6. The beam position and current intensity measuring device for the radiation area according to claim 4, wherein the sealing flange (32) is provided with a vacuum observation window (321) for realizing the observation of the camera to the inner target;

the upper end of the sealing flange (32) is provided with a flange connection interface, and the corrugated pipe (312) in the linear driving structure (31) is connected to the sealing flange (32) through the flange connection interface in a sealing mode.

7. The beam position and intensity measuring device for the irradiation zone according to claim 6, wherein the camera and the camera shielding iron (33) are disposed at the upper end of the sealing flange (32);

the camera and the camera shielding iron (33) comprise a camera (331) and a camera shielding iron (332); the camera (331) is disposed within the camera shield iron (332) and is aligned with the vacuum viewing window (321) on the sealing flange (32).

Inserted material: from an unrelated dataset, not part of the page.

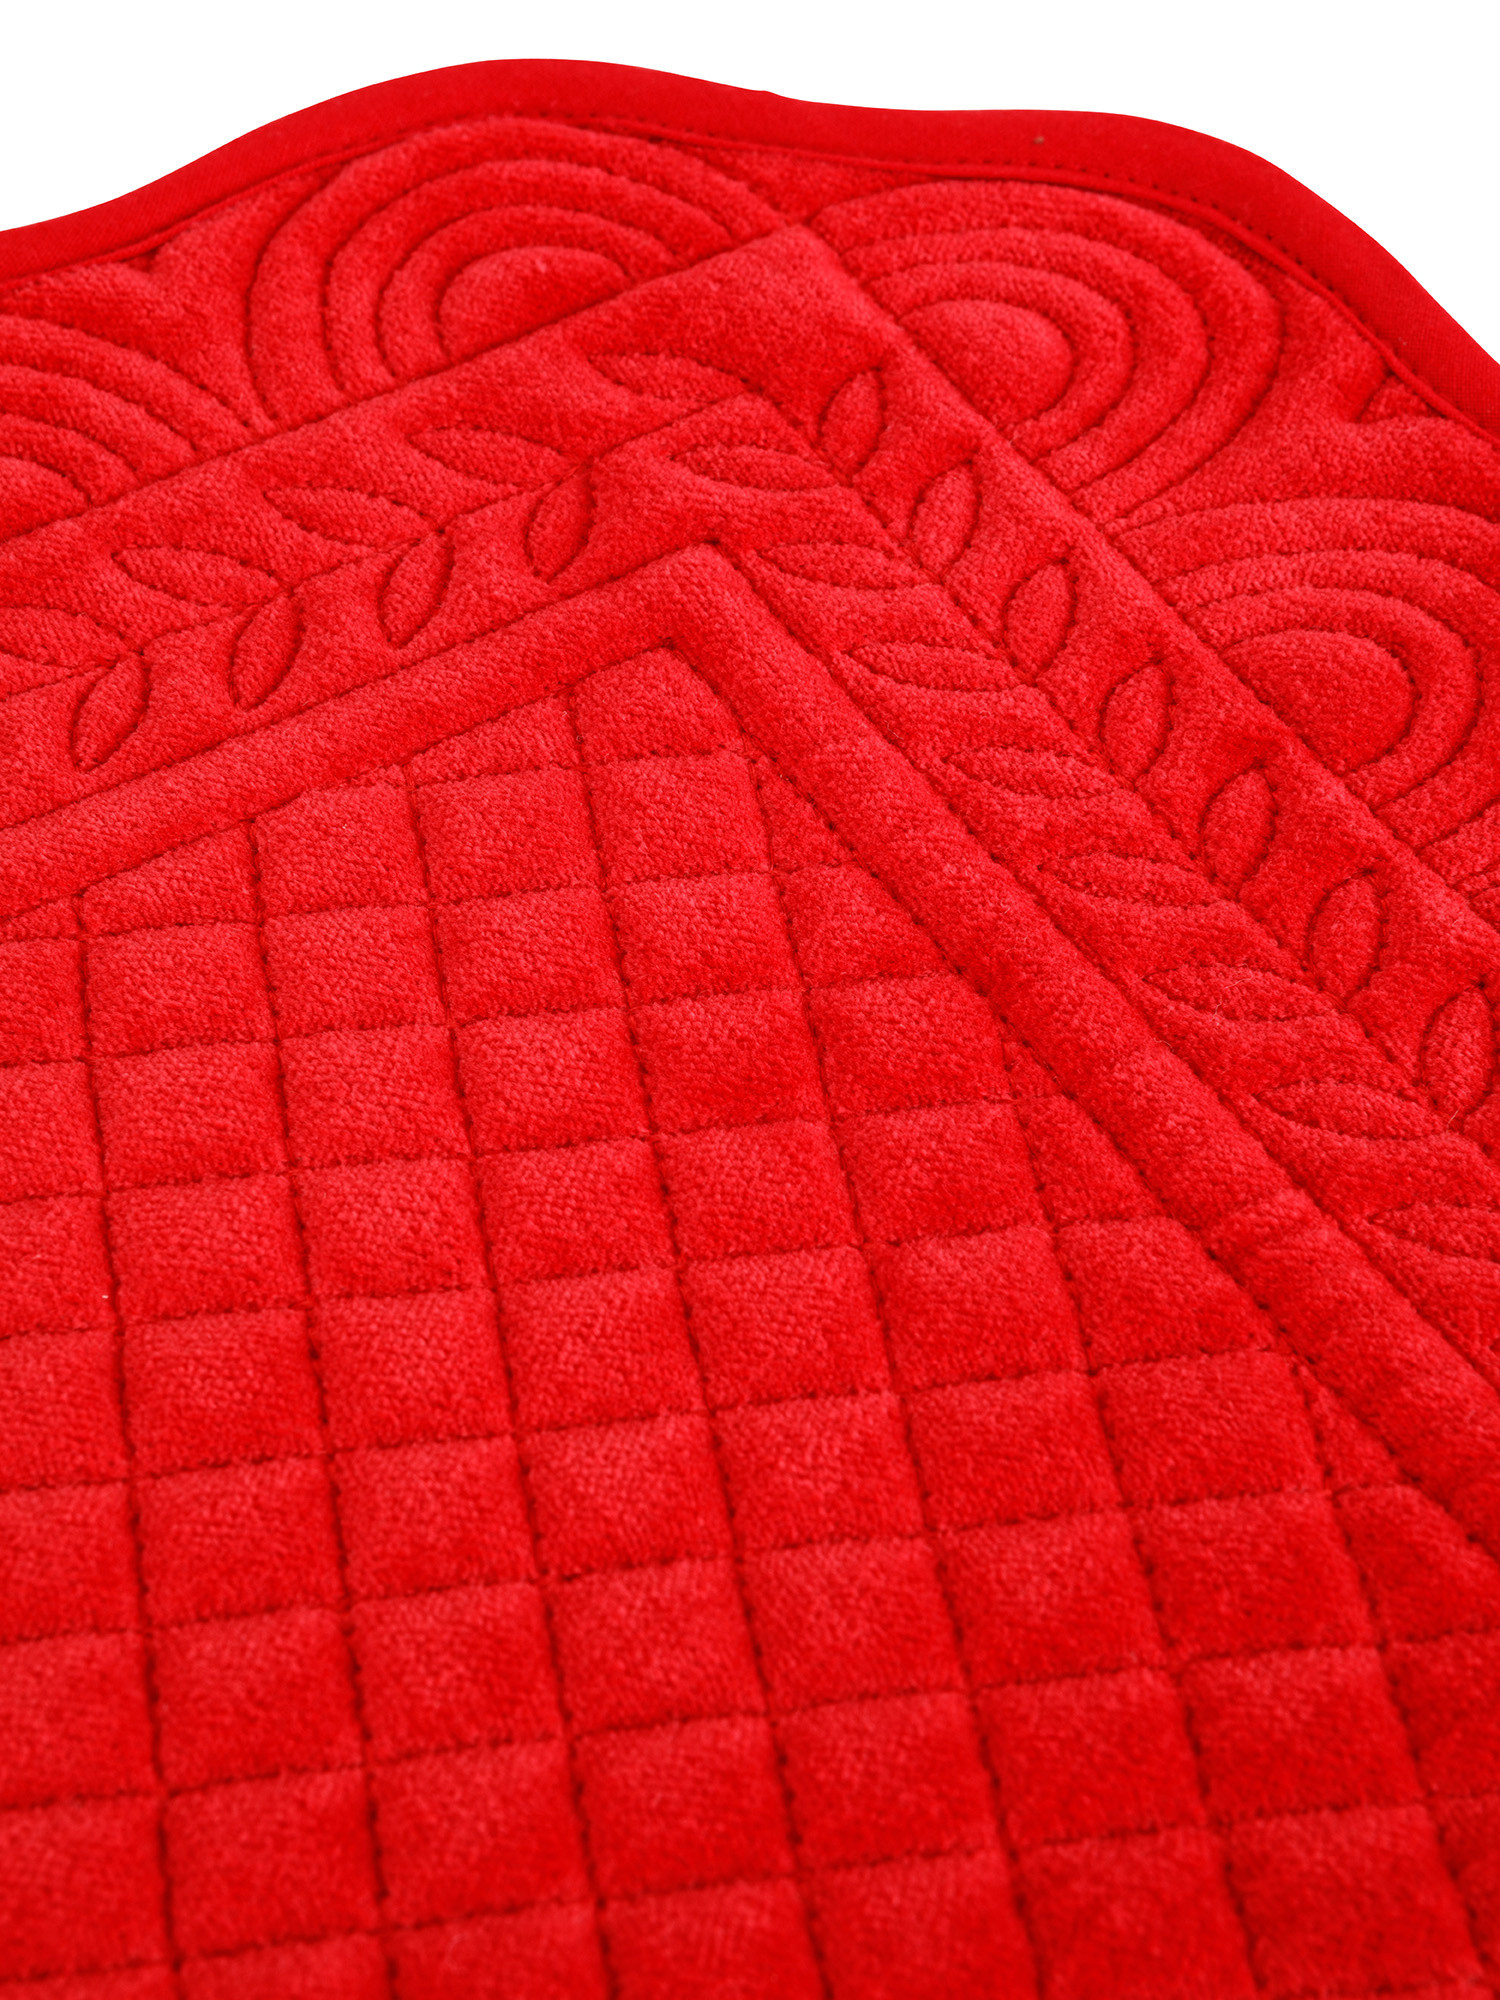 Plain color cotton velvet quilted placemat, Red, large image number 1

8. The beam position and intensity measurement apparatus according to claim 4, wherein the target head assembly (36) is fixed to the second end of the driving rod (34) by a connector, the target head assembly (36) being disposed at 45 degrees to the beam direction;

the target head assembly (36) is composed of a fixed support and alumina ceramics, and the fixed support is in a transparent circular ring form.

9. The beam position and flux measurement apparatus for an irradiation zone of claim 4, wherein said flux probe (37) comprises a probe holder (371), a shield cylinder assembly (372), and an inner membrane ring assembly (373);

the top of the probe bracket (371) is connected with the second end of the transmission rod (34);

the shielding cylinder assembly (372) adopts an annular structure, is arranged in the probe bracket (371), and is used for shielding internal signals;

the inner membrane ring assembly (373) comprises a three-layer metal membrane frame (374) and an insulating support rod (375); the three layers of metal film frames (374) are arranged at equal intervals, and the adjacent metal film frames (374) are connected in an isolated mode through the insulating support rods (375);

each metal film frame (374) consists of a support ring and a compression ring, and the contact surface has inclination; a metal film is clamped between the support ring and the compression ring, and the metal film is flattened and compressed through an inclination structure.

10. The beam position and current intensity measuring device for the radiation area according to claim 4, further comprising a protection bracket (4) disposed at the foremost end of the shielding guide assembly (1) for protecting the target head assembly (36) and the current intensity probe (37) at the frontmost end during hoisting.